| Task directions |
Return the data exactly, apart from leaving out the pictures.

| Provided material |
= = = = =

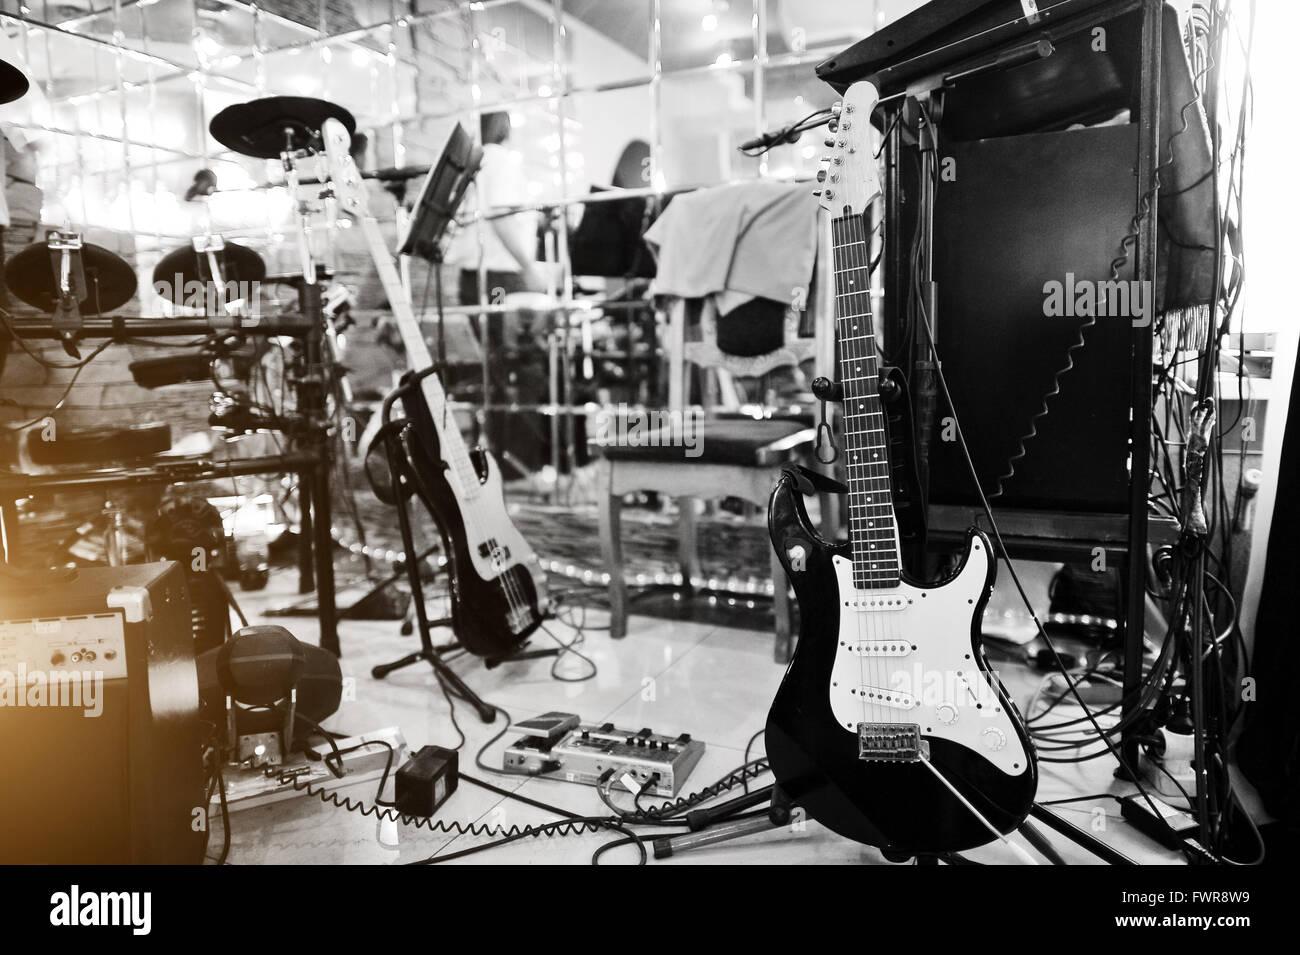 Configuración de procesamiento de audio y efectos de guitarra guitarra eléctrica Imagen De Stock
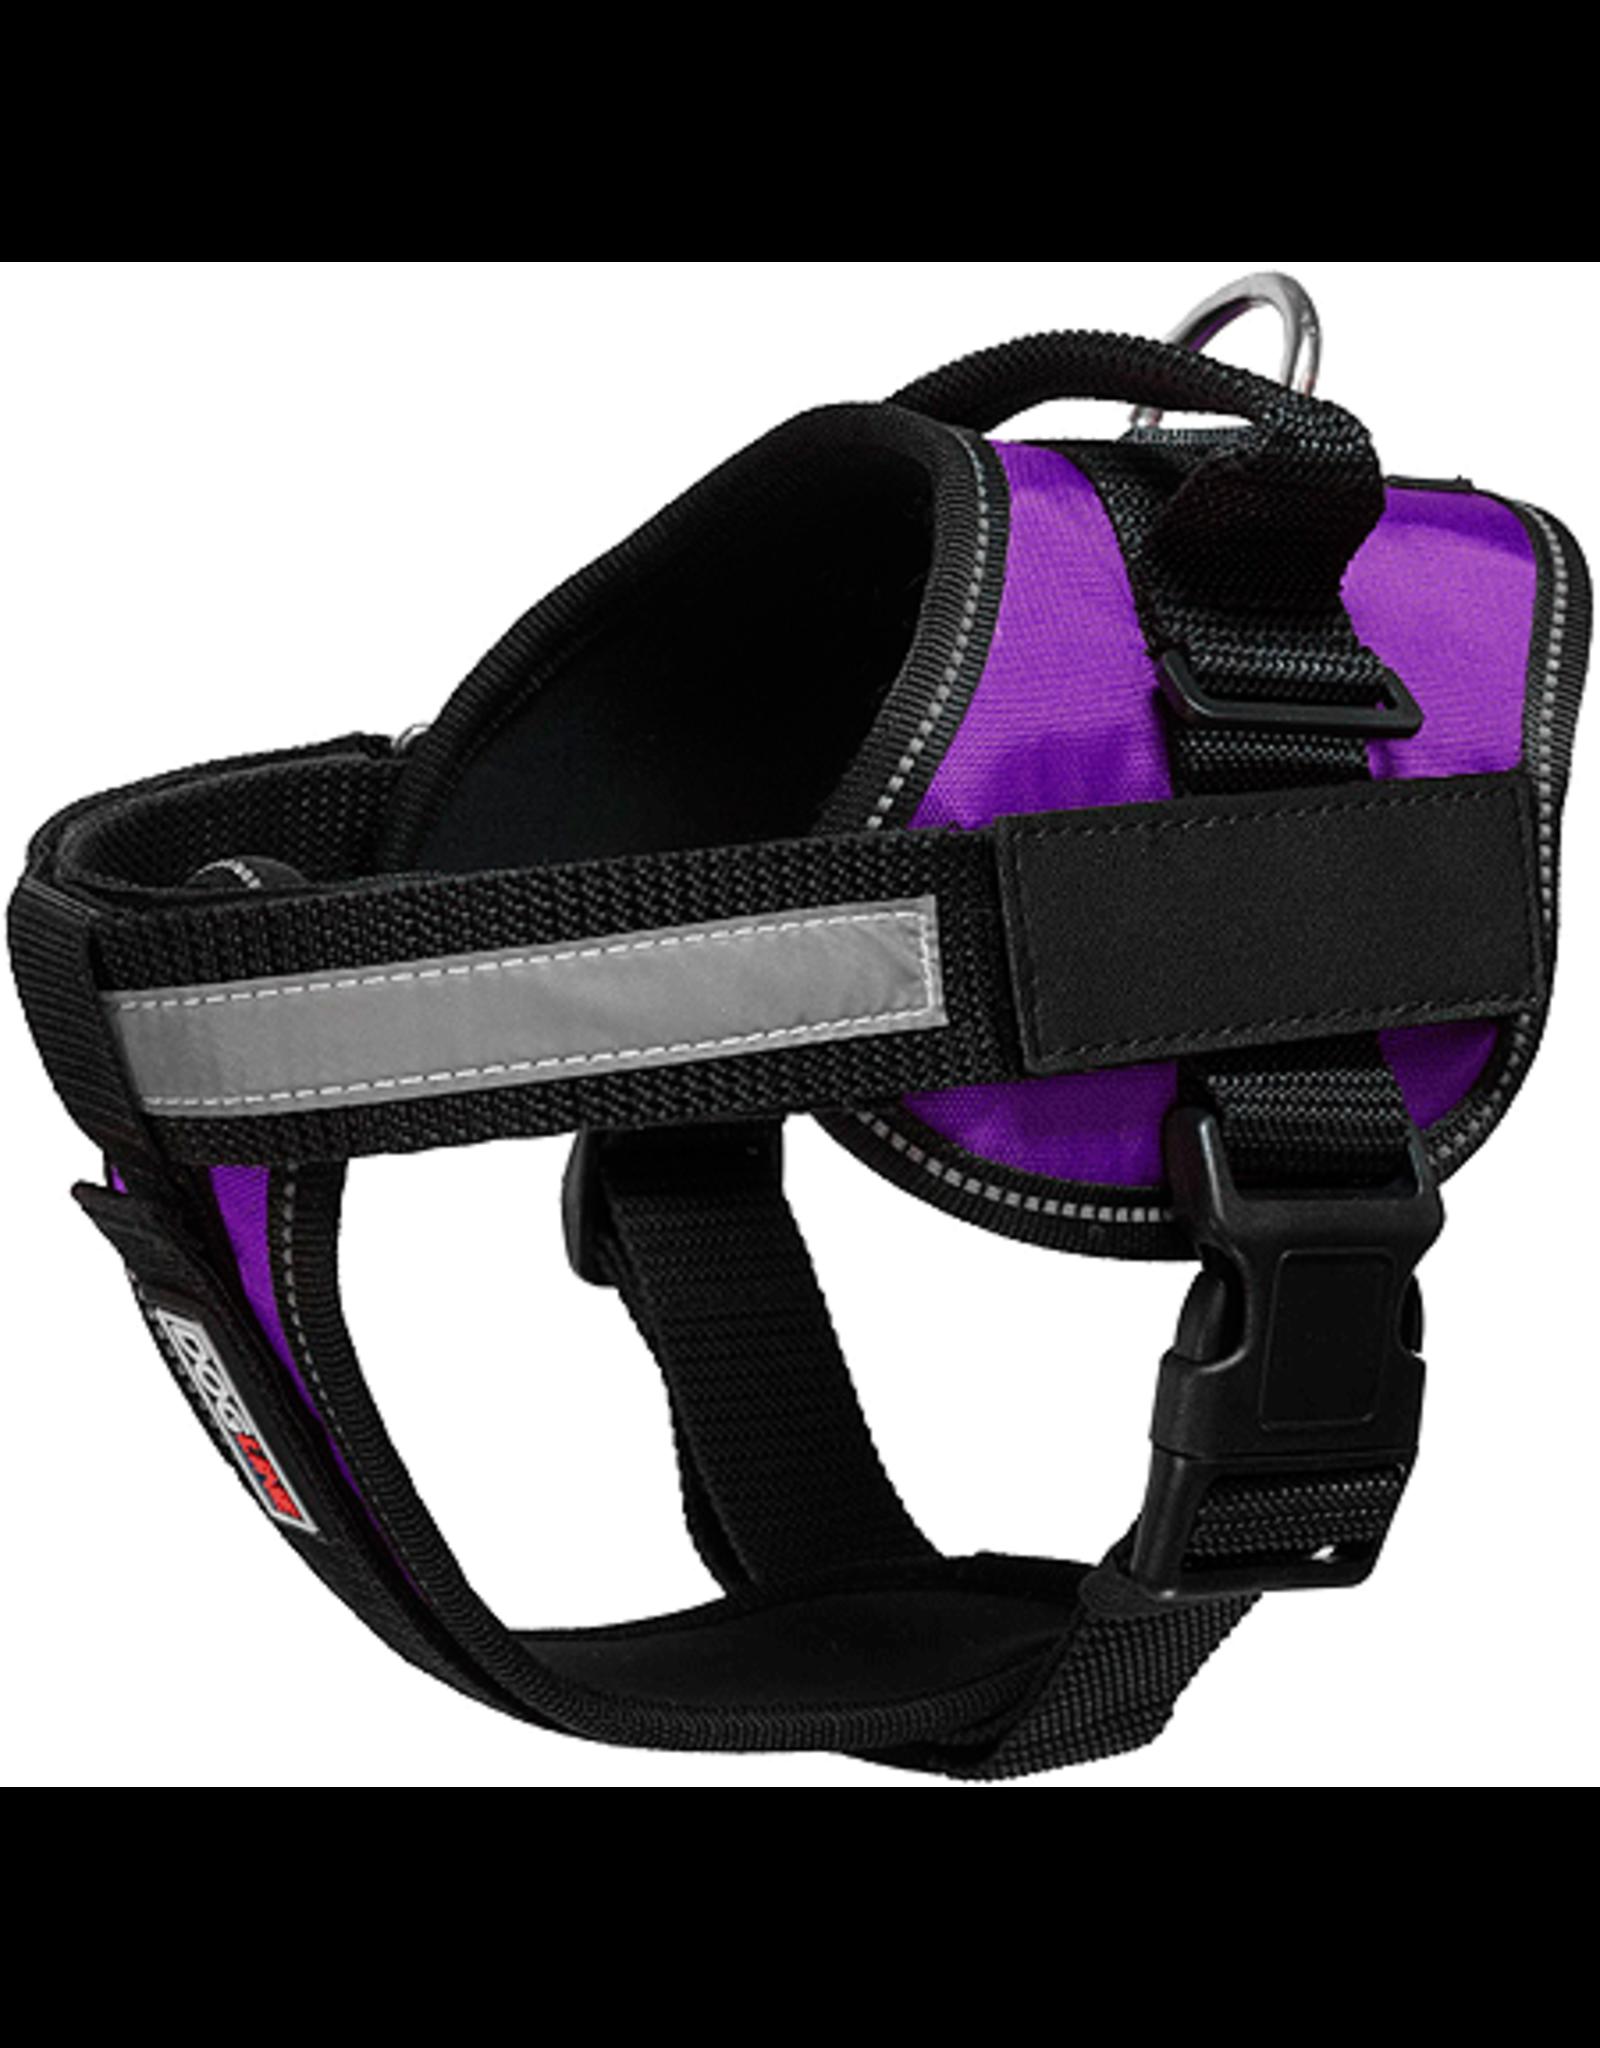 Dogline DOGLINE Unimax Multi-Purpose Harness XL
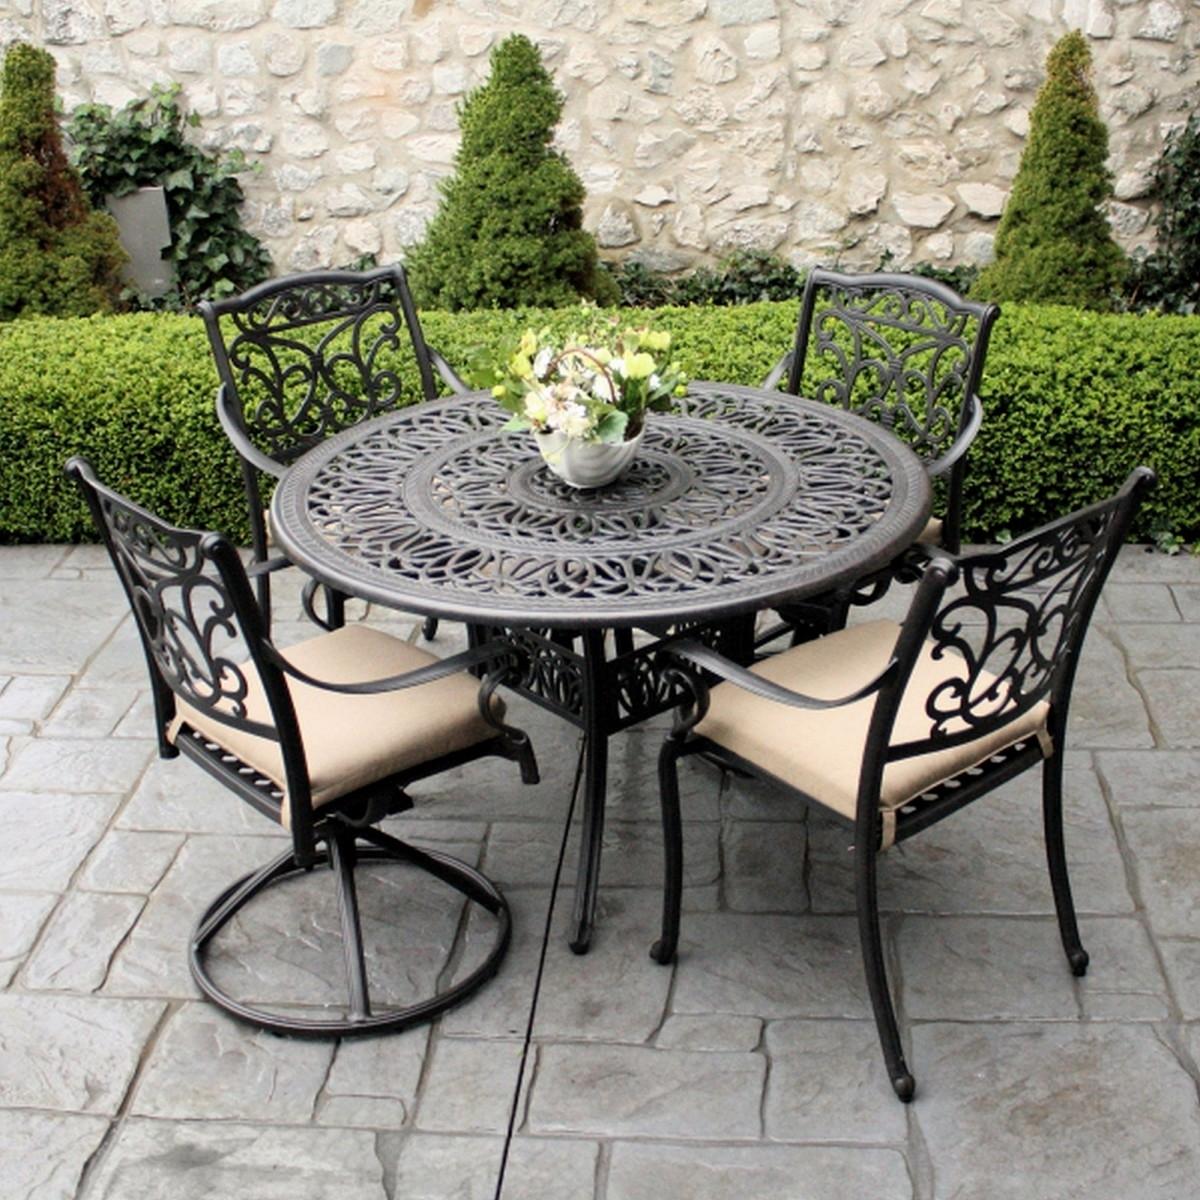 wrought iron patio furniture wrought iron patio chair patio furniture ideas for wrought iron patio YLXEZQL

= = = = =

| Reply to the task |
 Configuración de procesamiento de audio y efectos de guitarra guitarra eléctrica Imagen De Stock
 Dogline DOGLINE Unimax Multi-Purpose Harness XL
 wrought iron patio furniture wrought iron patio chair patio furniture ideas for wrought iron patio YLXEZQL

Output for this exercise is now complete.